Фасад его был украшен гирляндами ярких тканей, перевитых жемчугом и золотыми кольцами.
Прежде чем Муса-Гаджи приблизился к гарему, на него надели капюшон с тонкими прорезями для глаз.
– Не смотри, куда не надо, если хочешь сохранить свои глаза, – пригрозил Лала-баши.
Но и через узкие прорези Муса-Гаджи видел заветные ставни, за которыми мелькали неясные тени.
Из гарема появились молоденькие, ярко наряженные евнухи. Они забрали часть корзин и скрылись за дверями сераля, охраняемыми двумя огромными безбородыми маврами, тоже евнухами. Их обнаженные секиры всегда были готовы снять голову с тех, кто проявлял излишнее любопытство.
Затем пришли служанки, закутанные в чадры. Они принесли корзинки из ажурного золота, украшенного самоцветами, и принялись раскладывать в них привезенные сладости: финики, изюм, лукум, халву. Корзинок было десять – по числу невольниц, составлявших походный гарем падишаха. Жены и остальные наложницы после покушения на Надир-шаха были возвращены в Мешхед до той поры, пока не совершится окончательное покорение Дагестана.
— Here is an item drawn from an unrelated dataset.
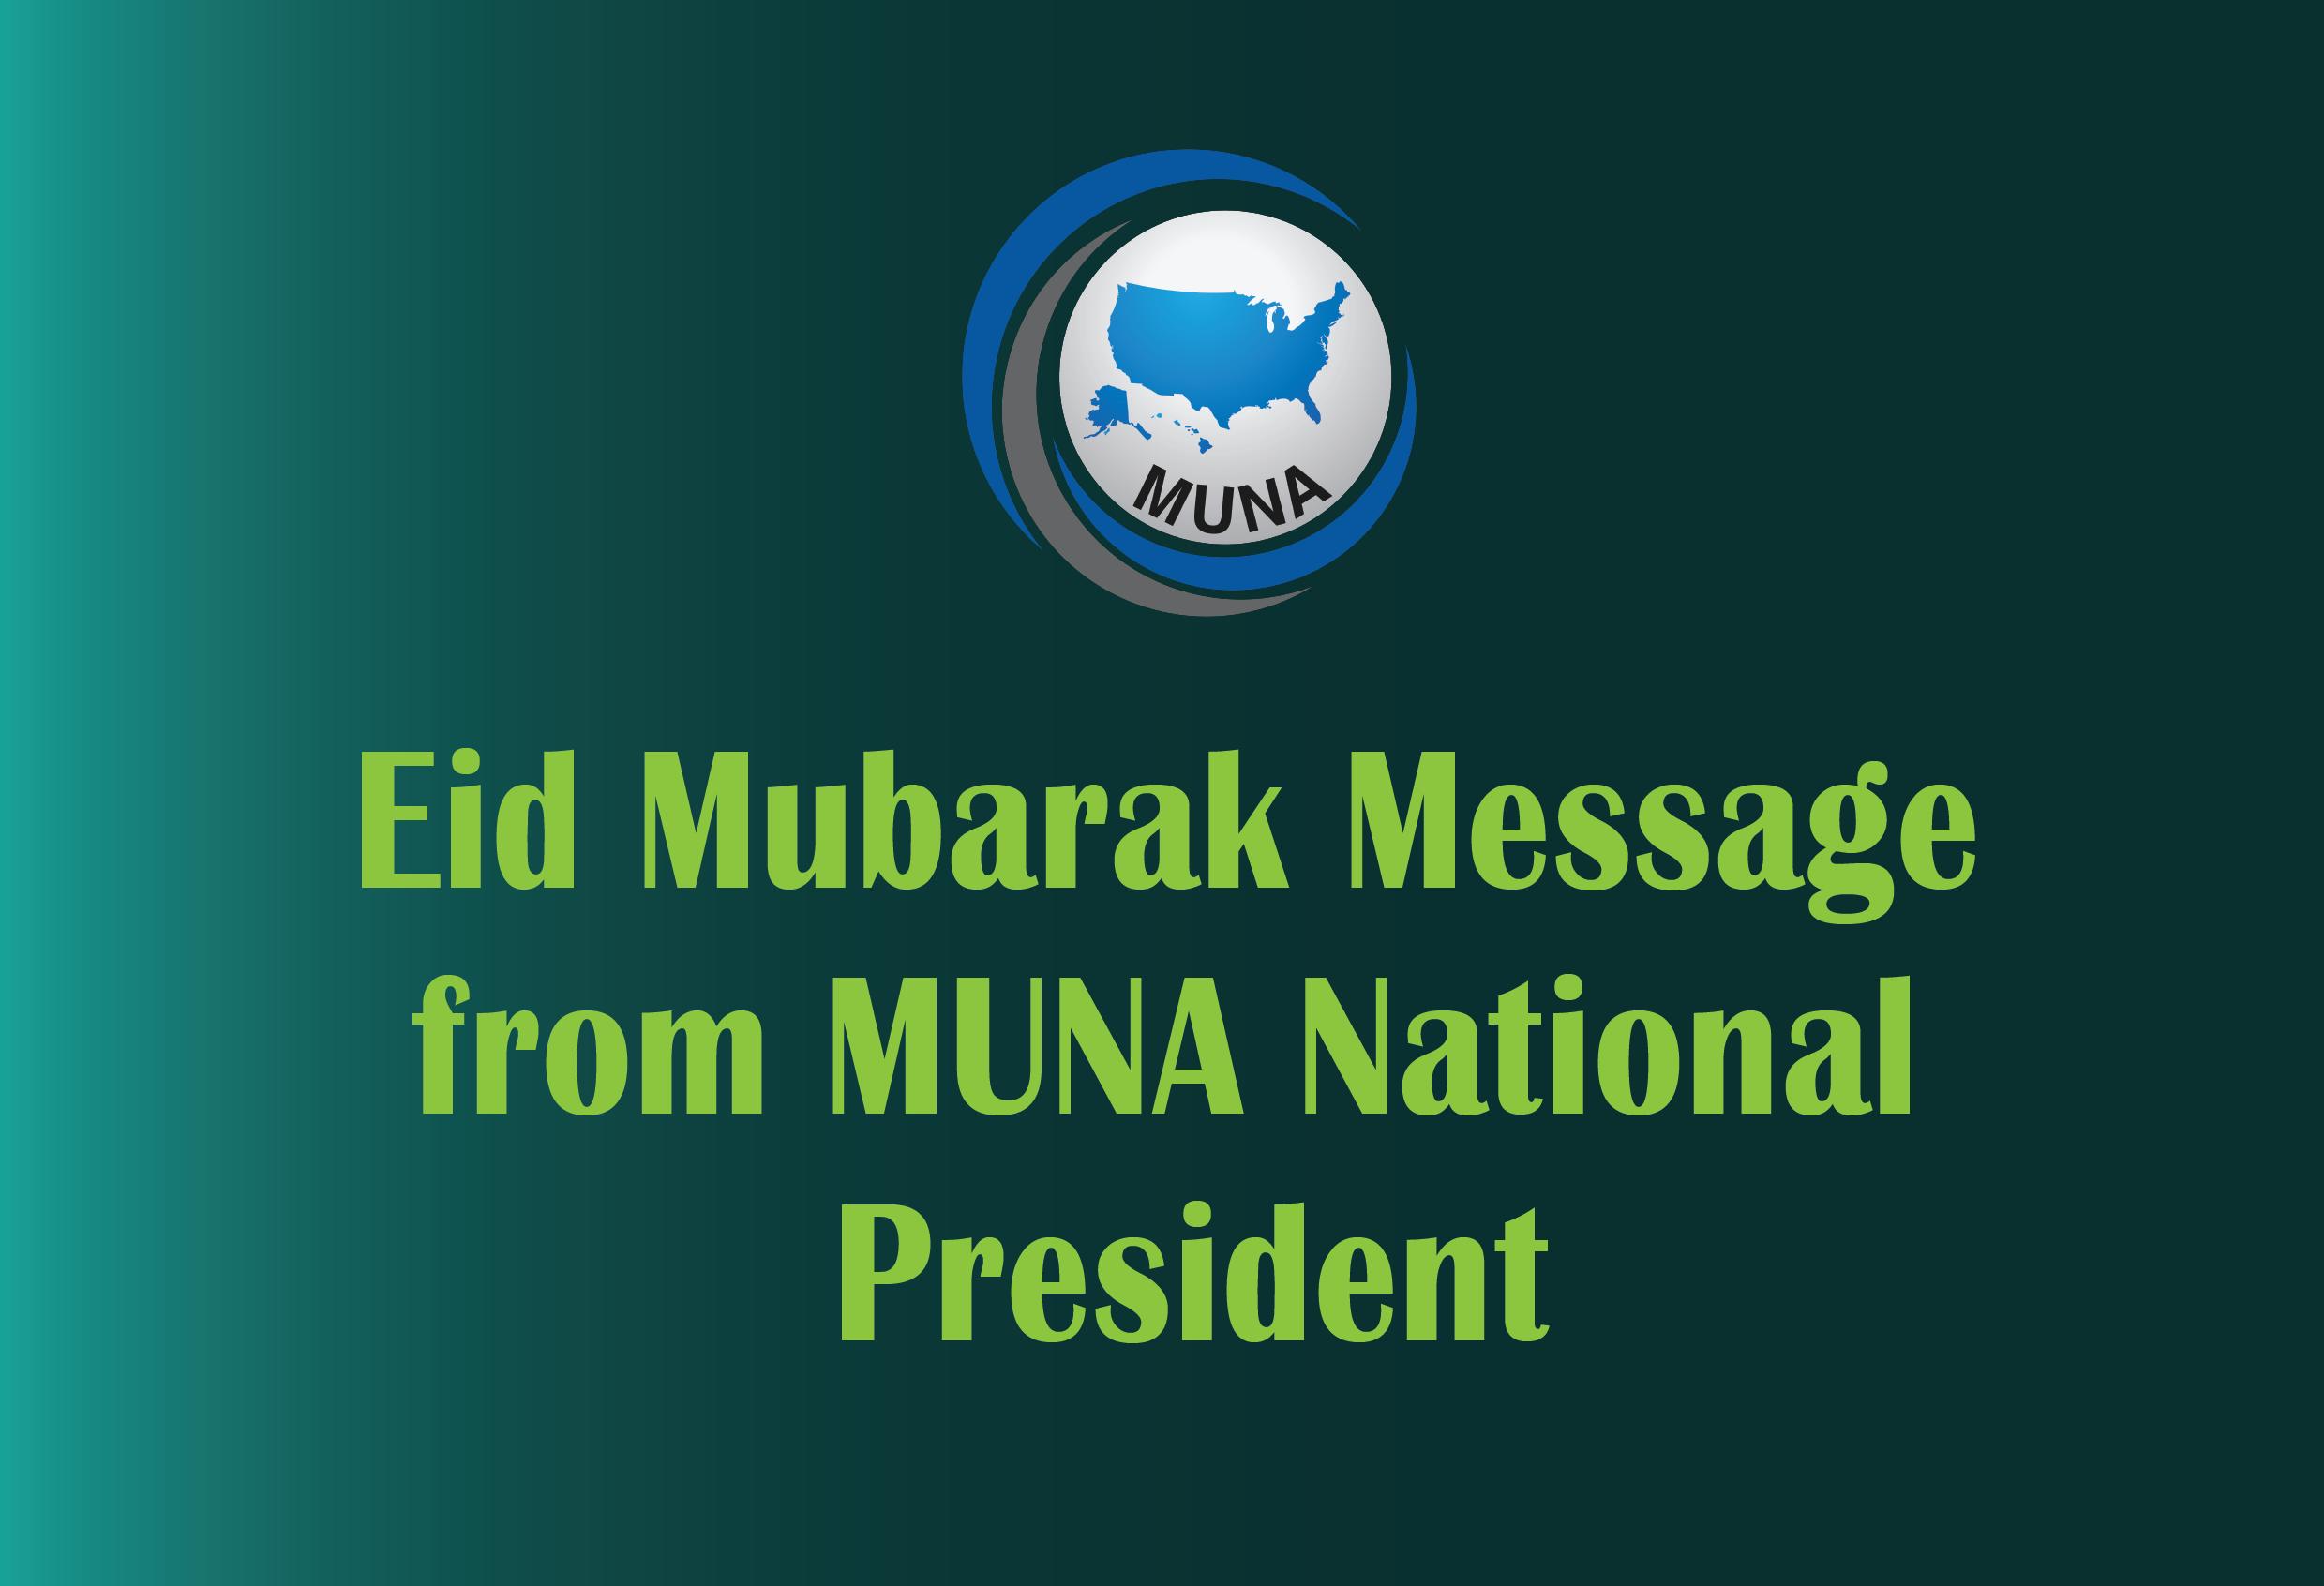 Eid Mubarak Message from  MUNA National President

Услышав про слона и его молодого погонщика, Фируза вздрогнула. Еще не понимая, что с ней происходит, она бросилась к окну и прильнула к ставням. Внизу действительно был слон. Он смешно стоял на задних ногах, пытаясь достать связку фруктов, которую держал на конце своей длинной пики мавр – стражник гарема. Фрукты висели, как наживка на удочке, и слону приходилось кружиться, чтобы достать ускользающее лакомство. Гаремные дамы восторженно аплодировали и бросали погонщику монеты сквозь ставни. А Фируза все ждала, когда погонщик поднимет на нее глаза.